For the last two years, UNICEF has also been working with communities in three regions of Mali - Segou, Mopti and Kayes - to inform residents of the risks, help them abandon the practice, and set up committees that will intervene in cases of early marriage. UNICEF in Mali has set up an internal working group to better coordinate work on early marriage, and hopes to extend these programmes nation-wide.

“[In Mali], we are the only ones interested in this problem,” said Fabienne Dubey, assistant programme officer for education at UNICEF-Mali. “I don’t know of other organisations working on this. It is still very rudimentary.”


Photo: IRIN
Women do a lot of cooking, cleaning and manual work in Mali. Education is poor
UNFPA runs educational programmes focusing on reproductive health that include, but do not specifically target, early marriage. Starting in 2008, UNFPA will make early marriage more of a priority, according to reproductive health programme officer Mariam Cissoko.

What works

“The most important thing that a national government should do is ensure enforcement of its own laws,” said Kathy Selvaggio, senior policy advocate at the Washington, DC-based International Center for Research on Women, an organisation lobbying the US government to spend more of its aid money fighting early marriage.

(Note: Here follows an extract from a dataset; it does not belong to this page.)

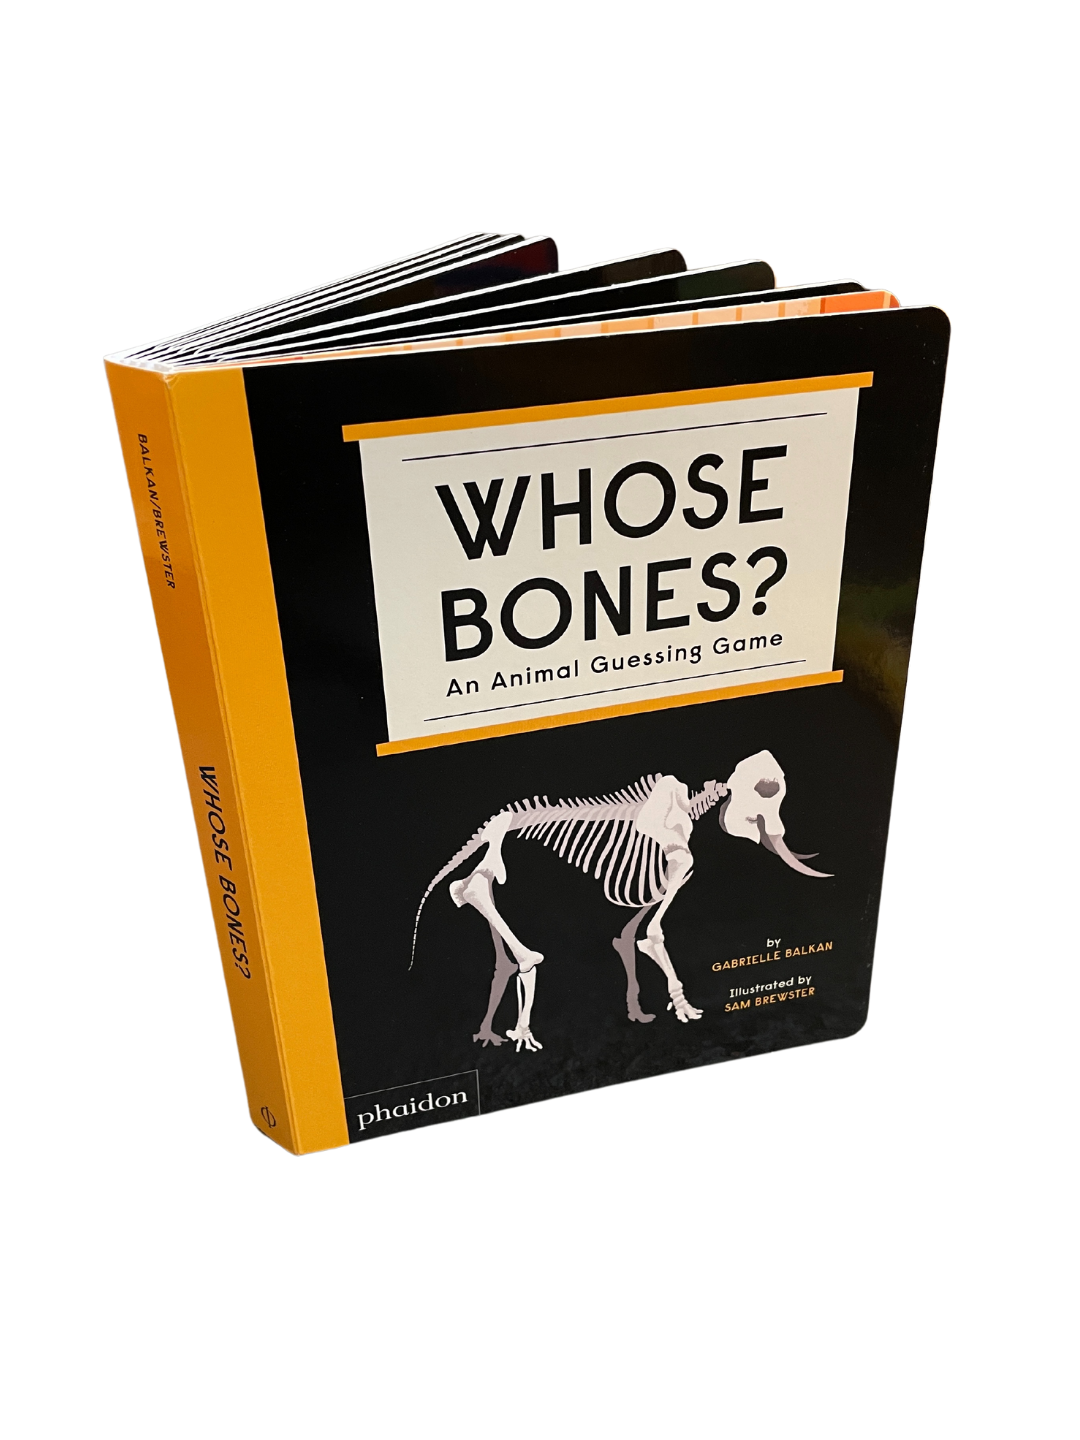 Whose Bones?

She said legal enforcement must be combined with programmes that provide alternatives to early marriage by increasing the levels of education and economic opportunities of girls.

“Where you have successes in combating child marriage, [as in India and Ethiopia], they’ve been these comprehensive approaches,” Selvaggio told IRIN.

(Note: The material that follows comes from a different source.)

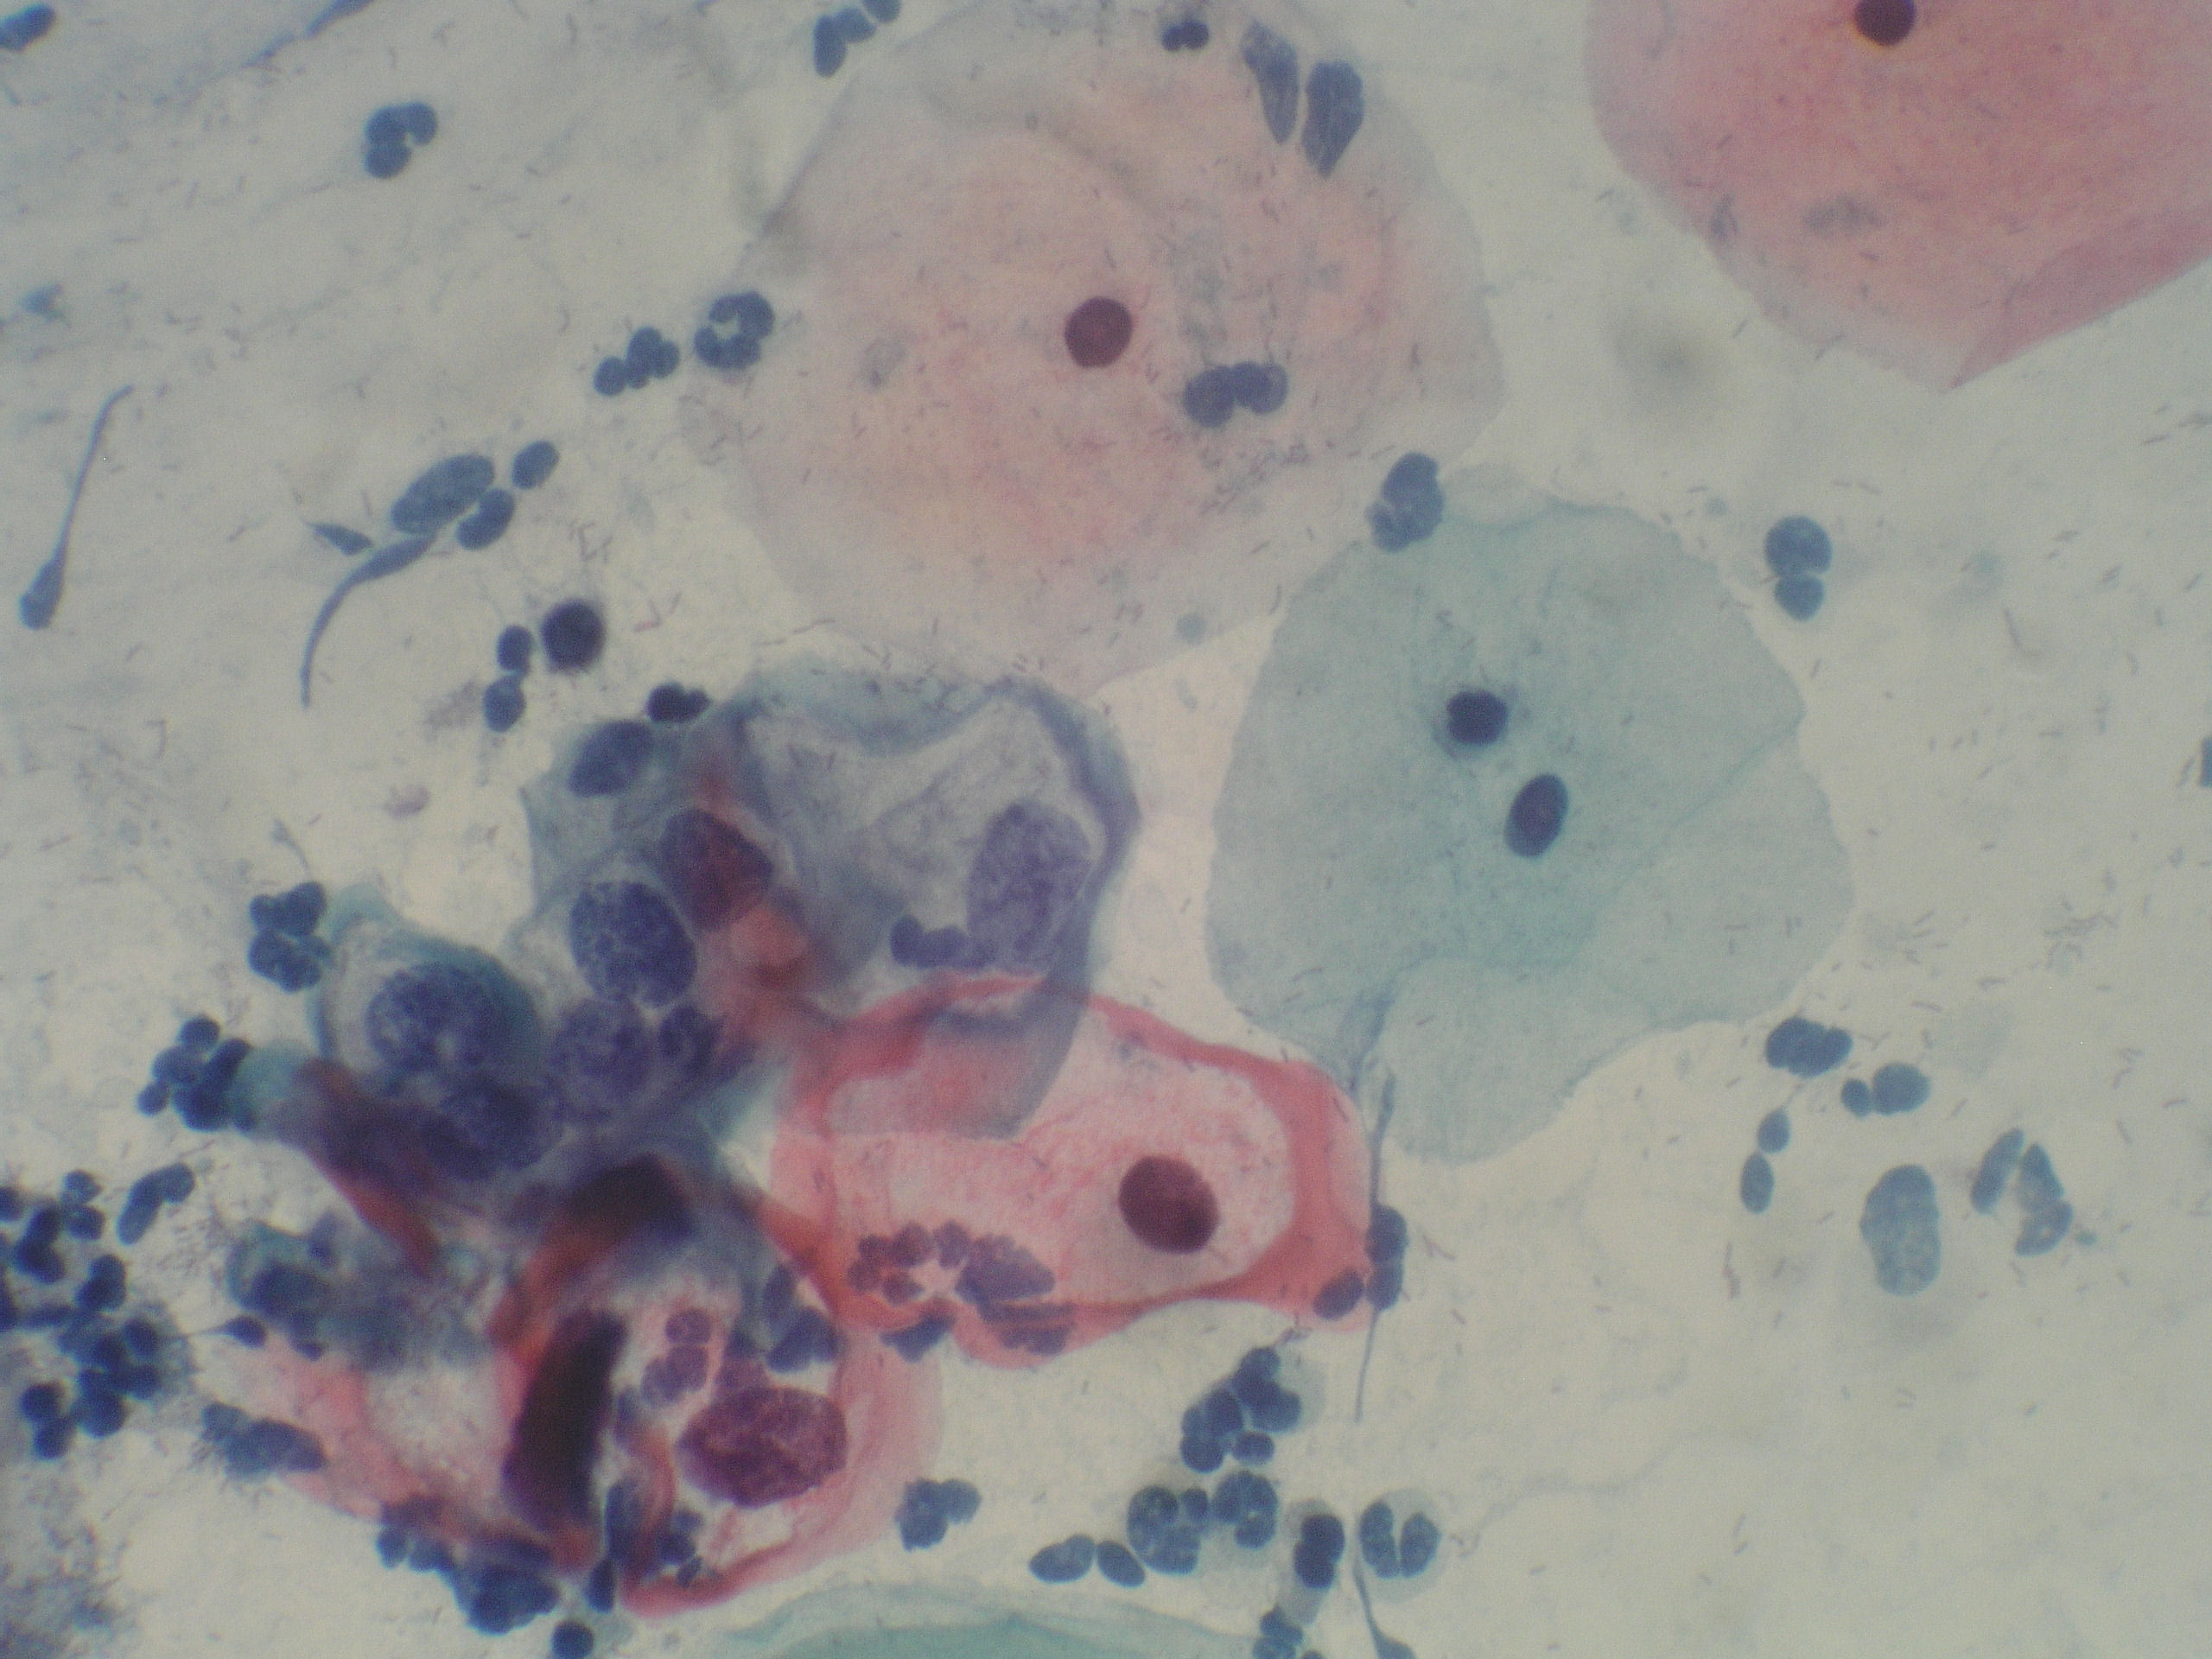 koilocytes 1 a

The Malian government does consider child marriage a form of violence against women, and “there is a whole policy to fight against violence done to women,” according to Kanté Dandara Touré, national director for the promotion of women at the Ministry for the Promotion of Women, Children and Family.

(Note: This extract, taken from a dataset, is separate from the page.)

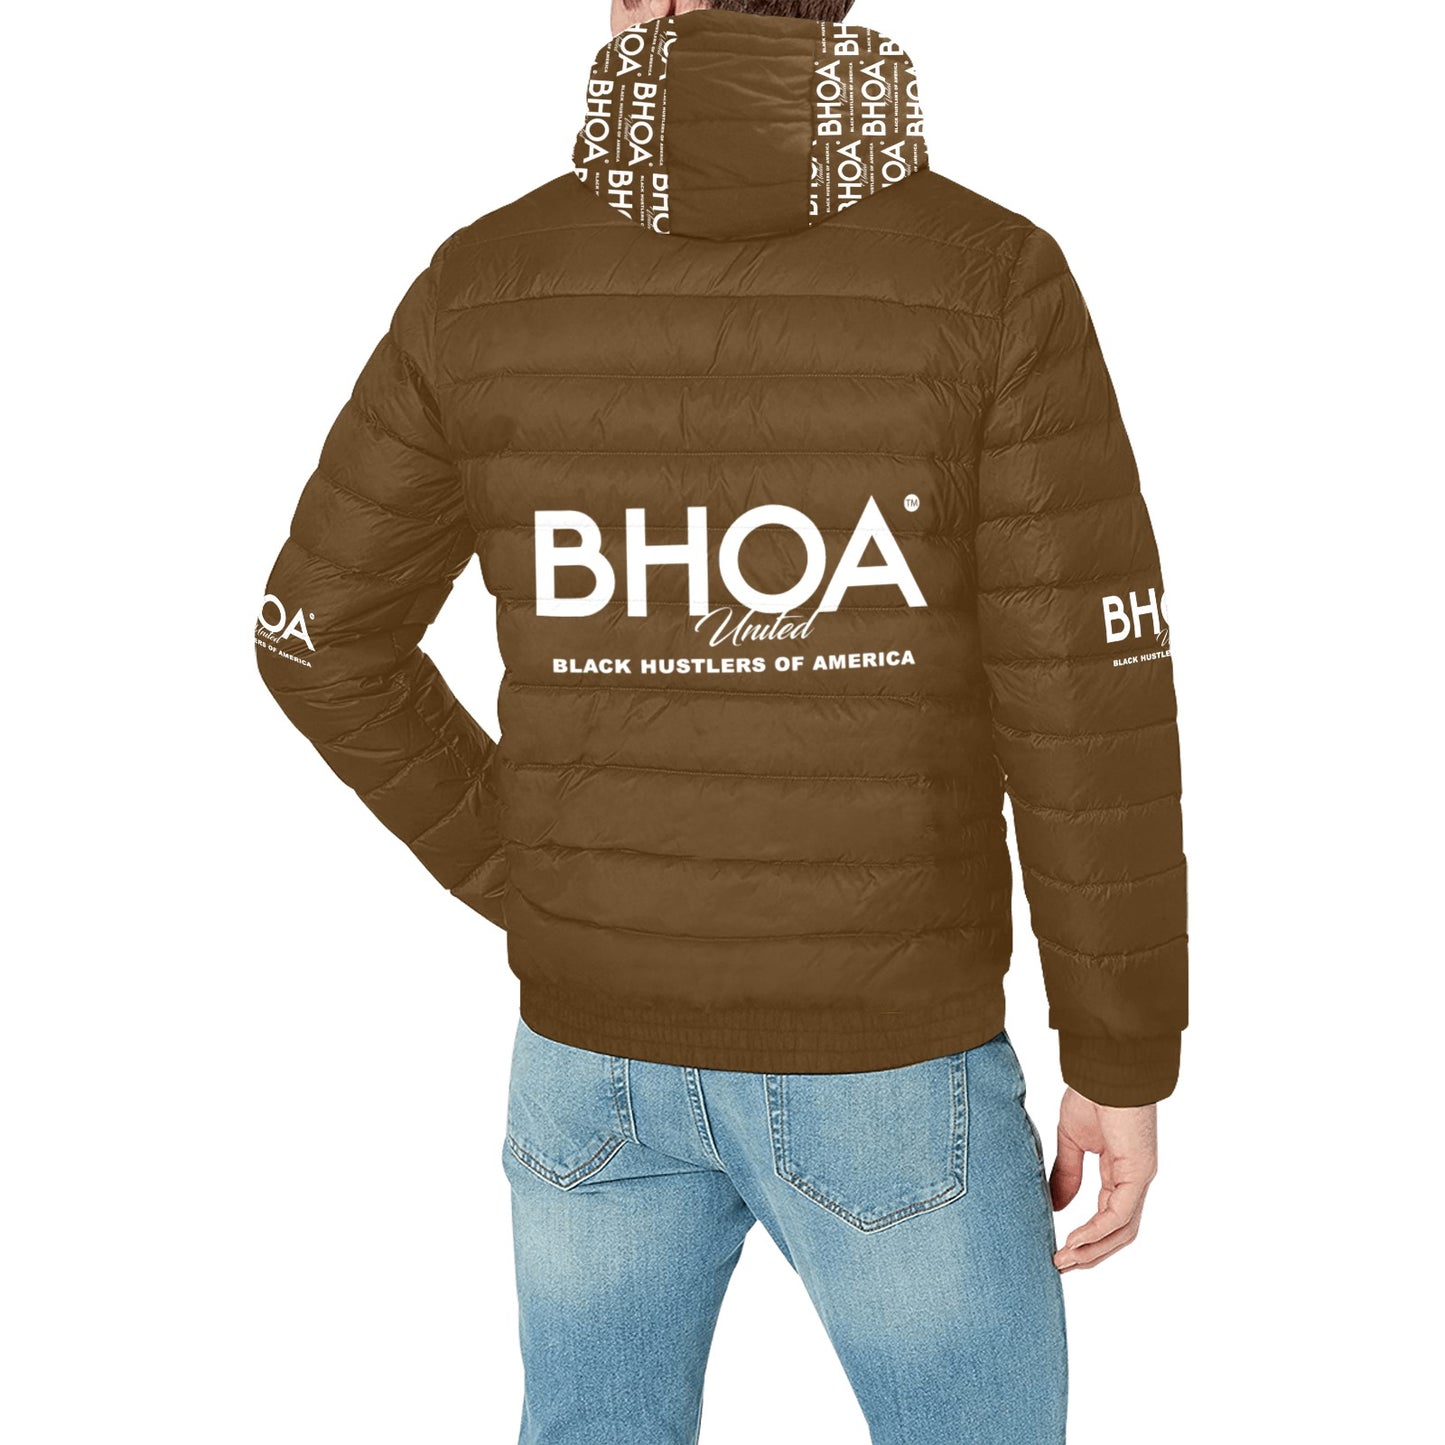 BHOA United Men's Padded Hooded Jacket

She said the national committee for the fight against detrimental practices does include early marriage in its sensitisation work, using media, community leaders and theatre, but no government programme targets early marriage exclusively.
''...It's a question of priorities, and right now female genital cutting is at the top...''

“It’s a question of priorities,” and right now “female genital cutting is at the top,” Touré said, noting that more than 90 percent of Malian women are circumcised.

Priorities

Making early marriage a political priority is a necessary first step for change, according to maternal mortality research by Professor Jeremy Shiffman, of the Maxwell School of Citizenship and Public Affairs of Syracuse University.

“In Honduras, safe motherhood became one of the country’s foremost health priorities, and between 1990 and 1997, the country experienced a 40 percent decline in its maternal mortality ratio, one of the most significant reductions in such a short time span ever documented in the developing world,” he wrote in a May 2007 article in the American Journal of Public Health.

He found that nine factors shaped the degree to which maternal mortality reduction emerged on the national policy agenda, including efforts by international agencies to establish a global norm concerning its unacceptability; financial and technical resources from international donors; the degree to which national advocates coalesced as a political force; the generation of national attention for the cause; and the existence of competing health causes.